Ladies of the View, listen up. You said that stores are catering more and more to small women, AKA “skinny bitches,” and are phasing out bigger sizes.
Oh yeah? Well, first of all, smaller women, AKA petites, are not all “skinny bitches!” Maybe you have us confused with the size 0’s in Juicy Couture: but that’s not what being small means to most of us. Petite sizes go up to 14, so we’re not necessarily thin, just, you know, not very tall. Okay, short. Or my personal favorite, Vertically Challenged.

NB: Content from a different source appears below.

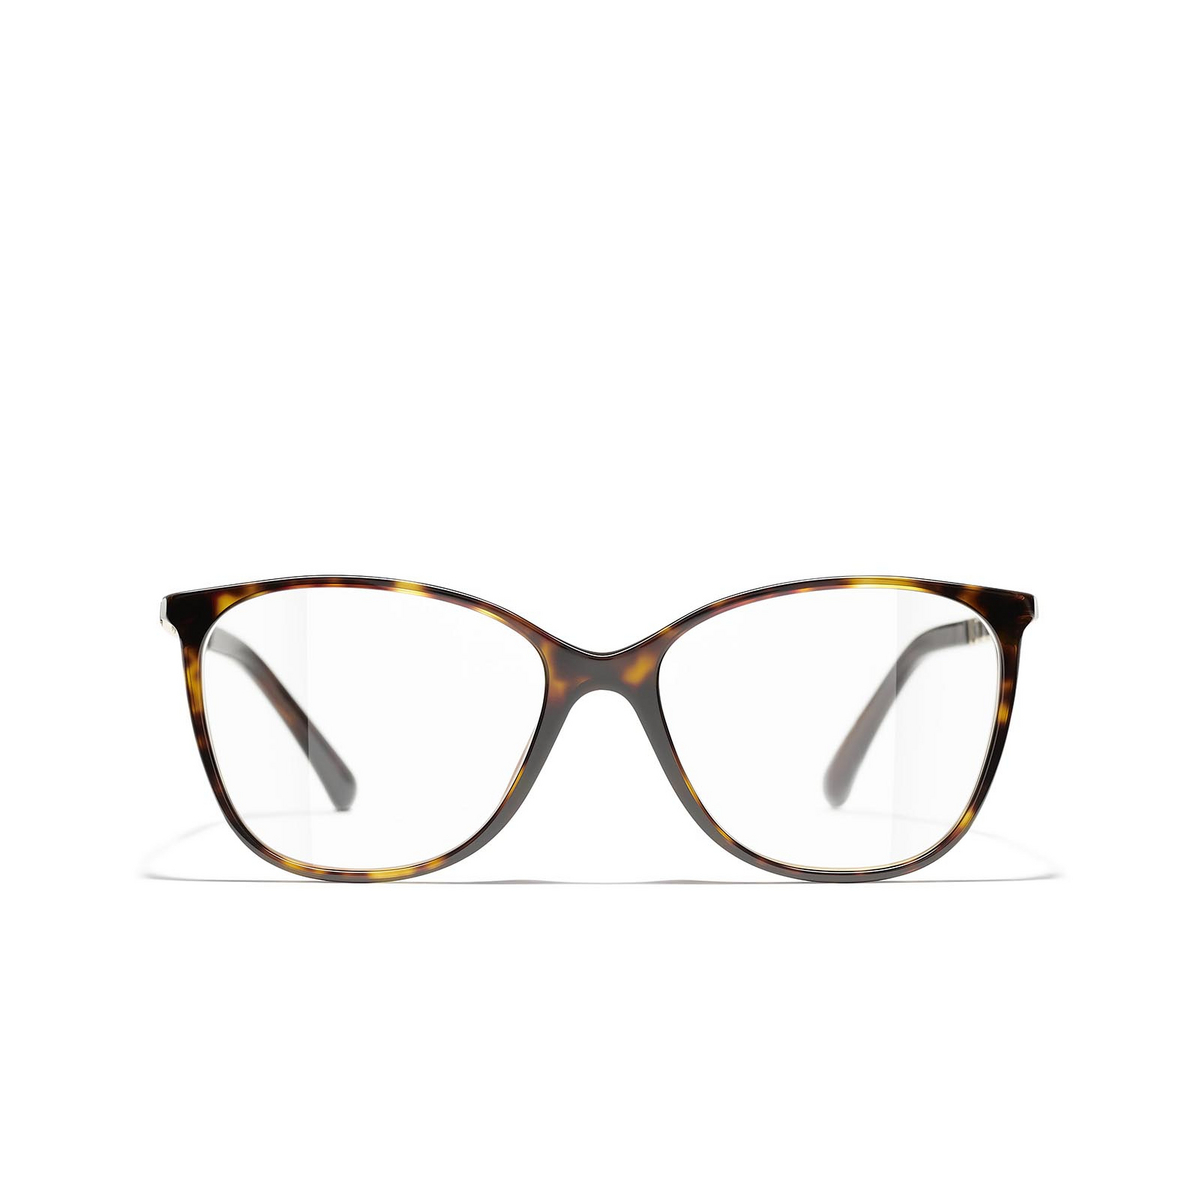 CHANEL square Eyeglasses C714 Dark Tortoise - front view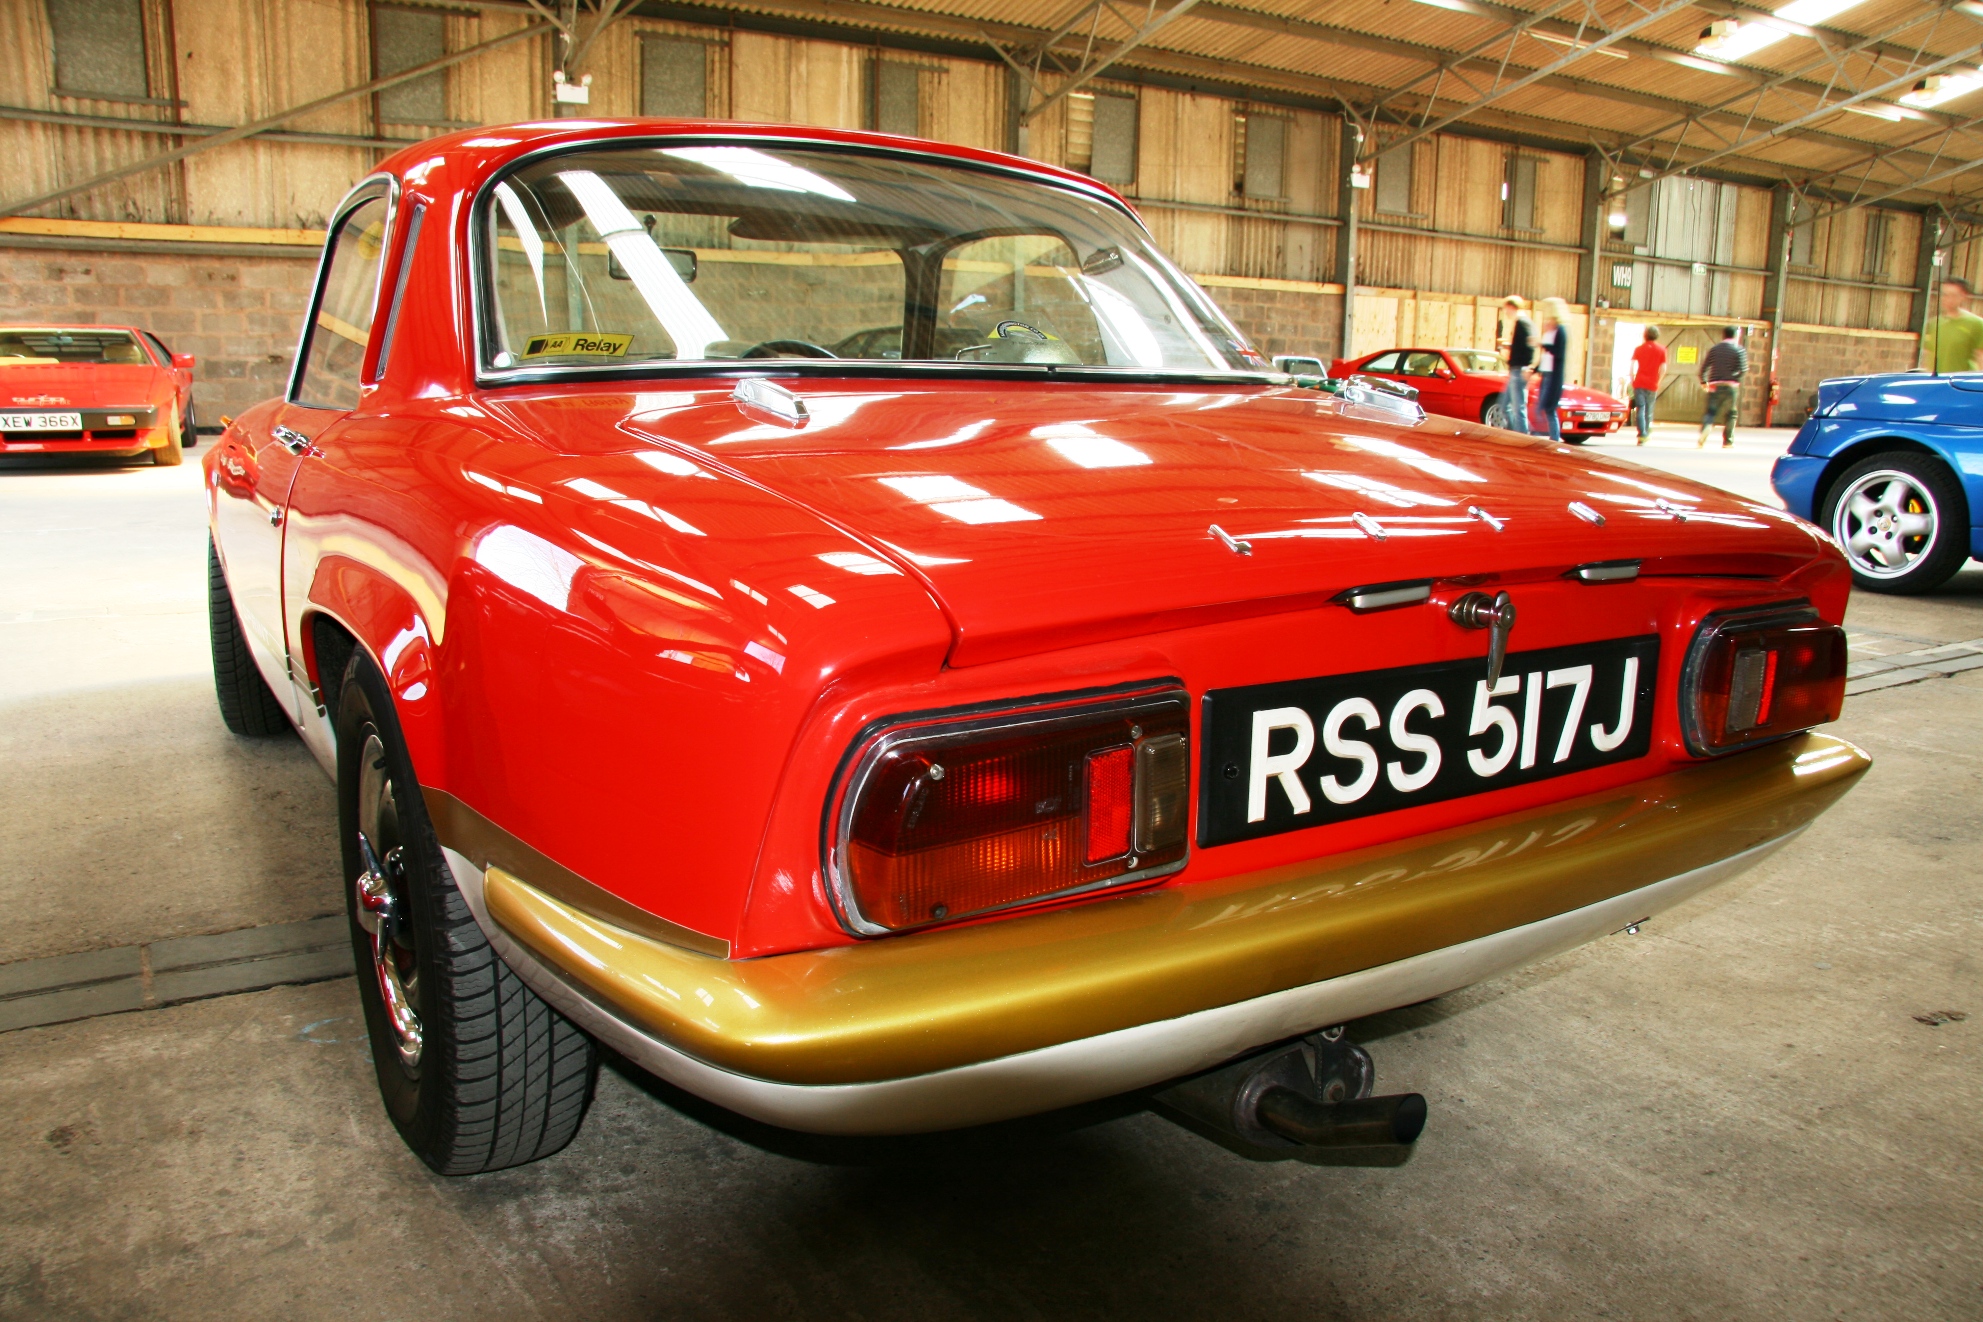 1971 RSS 517J Lotus Elan Sprint FHC / Flickr - Partage de photos!

Whatever you call us, we’re mad as hell at department stores
After I heard on the View that small sizes were in, I went directly to Saks, the only rational thing for a girl to do. But not so fast, Shorty! The space on the 9th floor that used to be the Petite Department is now Plus Sizes. I realize that larger ladies deserve their own place to shop, but isn’t there room for us petites? A little room? We don’t take up very much space. 
And yet, Petite Departments all over are closing faster than you can bing Behar or Walters, “bing” being the new google, in case anyone wants to know.
And even if you're not petite yourself, surely you know and love someone who is tiny. Someone who — before the advent of Petite Departments — had a very deep and meaningful relationship with her tailor, when she much preferred that cute guy in Human Resources.
The thing about tailors is . . .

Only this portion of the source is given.